In operating systems such as Linux/UNIX and Windows, a question arises after a parent process creates a child process: who runs first, child or parent? On the frontend Linux PCs, write test code in childorparent.c that evaluates who runs first after spawning a child using fork(). Do not look up answers in books or online. This is an empirical evaluation from which a definitive answer cannot be drawn. Using real-world apps such as concurrent client/servers where a parent forks multiple worker processes to carry out tasks, discuss if one design (e.g., parent first) is more suited than the other. Discuss what decides who runs first in XINU. Include your answer in lab1answers.pdf. Place childorparent.c in lab1/, not subdirectory system/.
Note: The bonus problem provides an opportunity to earn extra credits that count toward the lab component of the course. It is purely optional.
When implementing code in the labs, please maintain separate versions/copies of code so that mistakes such as unintentional overwriting or deletion of code is prevented. This is in addition to the efficiency that such organization provides. You may use any number of version control systems such as GIT and RCS. Please make sure that your code is protected from public access. For example, when using GIT, use git that manages code locally instead of its on-line counterpart github. If you prefer not to use version control tools, you may just use manual copy to keep track of different versions required for development and testing. More vigilance and discipline may be required when doing so.

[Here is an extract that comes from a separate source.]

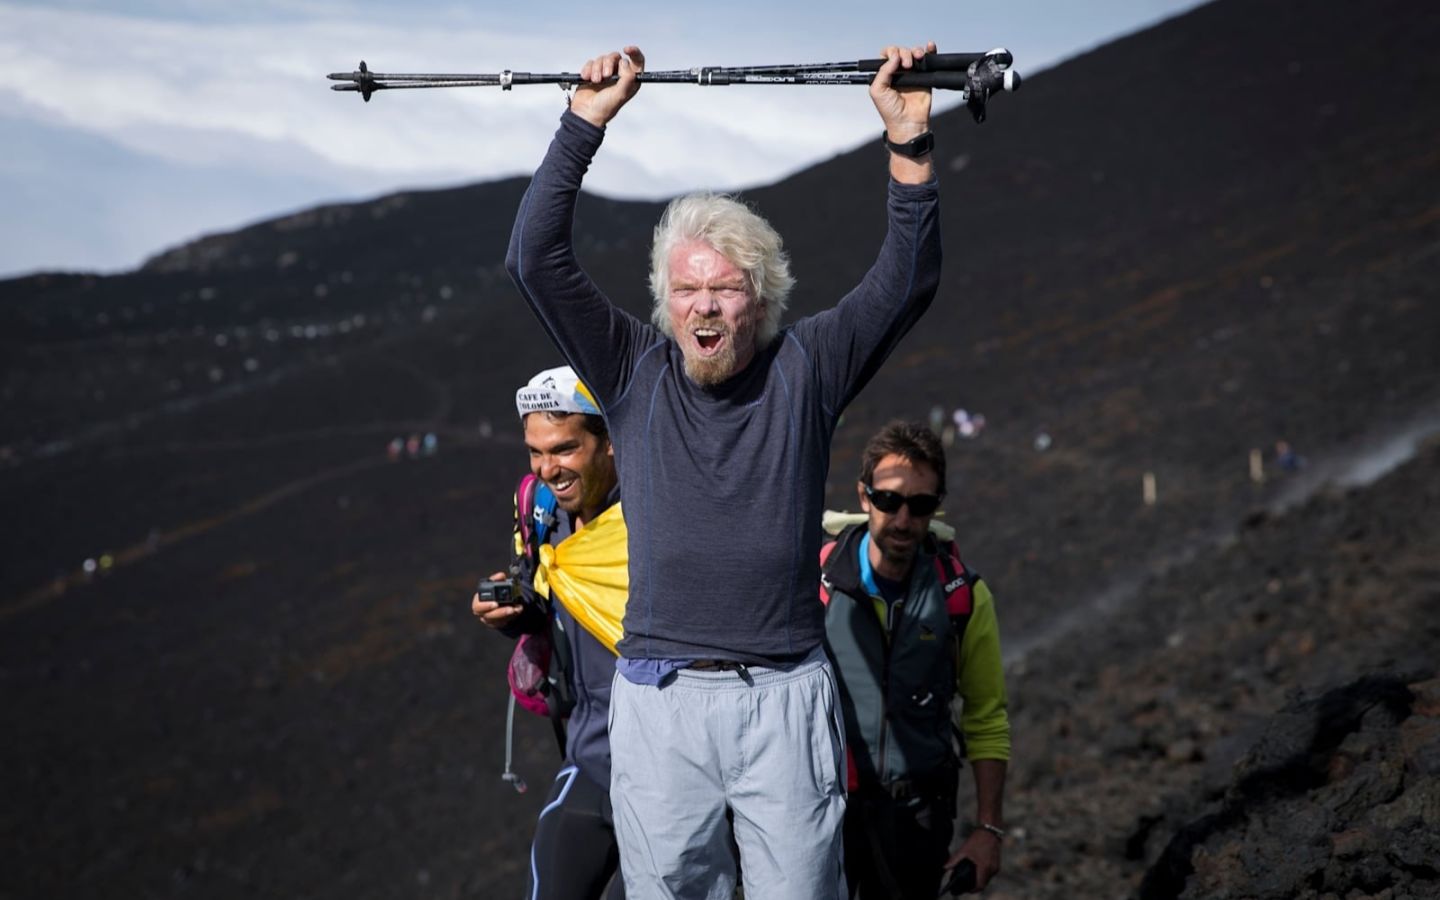 Richard Branson celebrating getting to the top of a mountain

The TAs, when evaluating your code, will use their own test code (principally main()) to drive your XINU code. The code you put inside main() is for your own testing and will, in general, not be considered during evaluation.
If you are unsure what you need to submit in what format, consult the TA notes link. If it doesn't answer your question, ask during PSOs and office hours which are scheduled M-F.

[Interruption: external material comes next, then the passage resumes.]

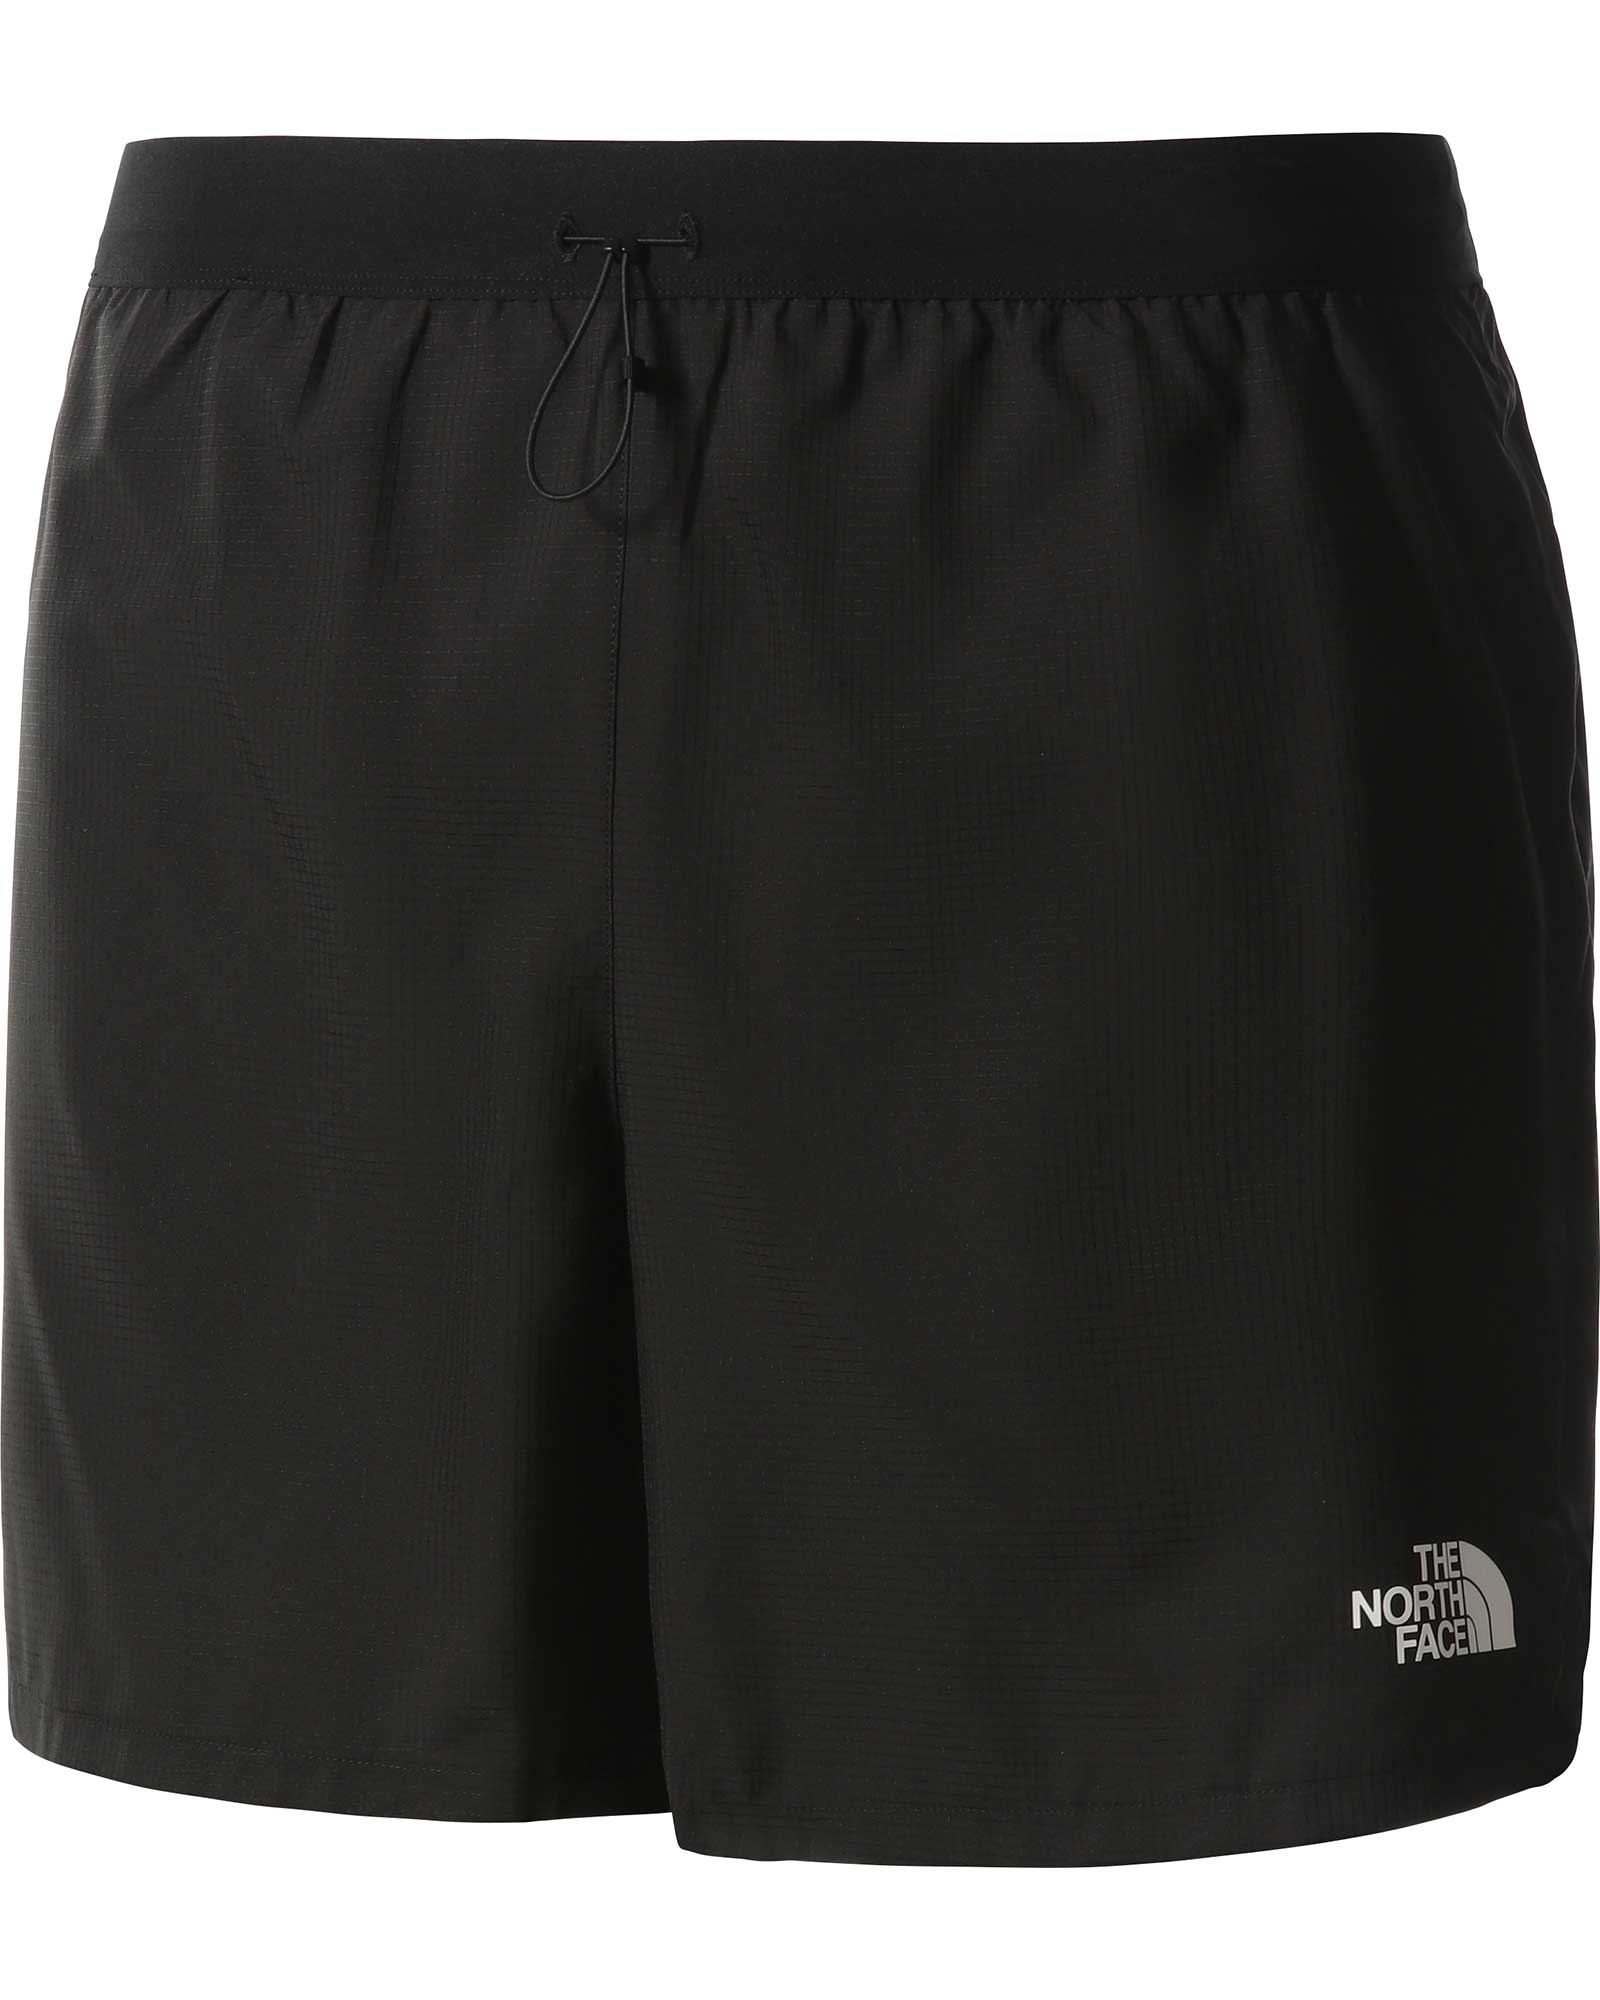 The North Face Sunriser Mens 2in1 Shorts

1. Format for submitting written lab answers and kprintf() added for testing and debugging purposes in kernel code:
2. Before submitting your work, make sure to double-check the TA Notes to ensure that any additional requirements and instructions have been followed.
3. Electronic turn-in instructions:
i) Go to the xinu-fall2020/compile directory and run "make clean".
ii) Go to the directory where lab1 (containing xinu-fall2020/ and Lab1Answers.pdf) is a subdirectory.
For example, if /homes/alice/cs354/lab1/xinu-fall2020 is your directory structure, go to /homes/alice/cs354
iii) Type the following command
turnin -c cs354 -p lab1 lab1
You can check/list the submitted files using
turnin -c cs354 -p lab1 -v
Please make sure to disable all debugging output before submitting your code.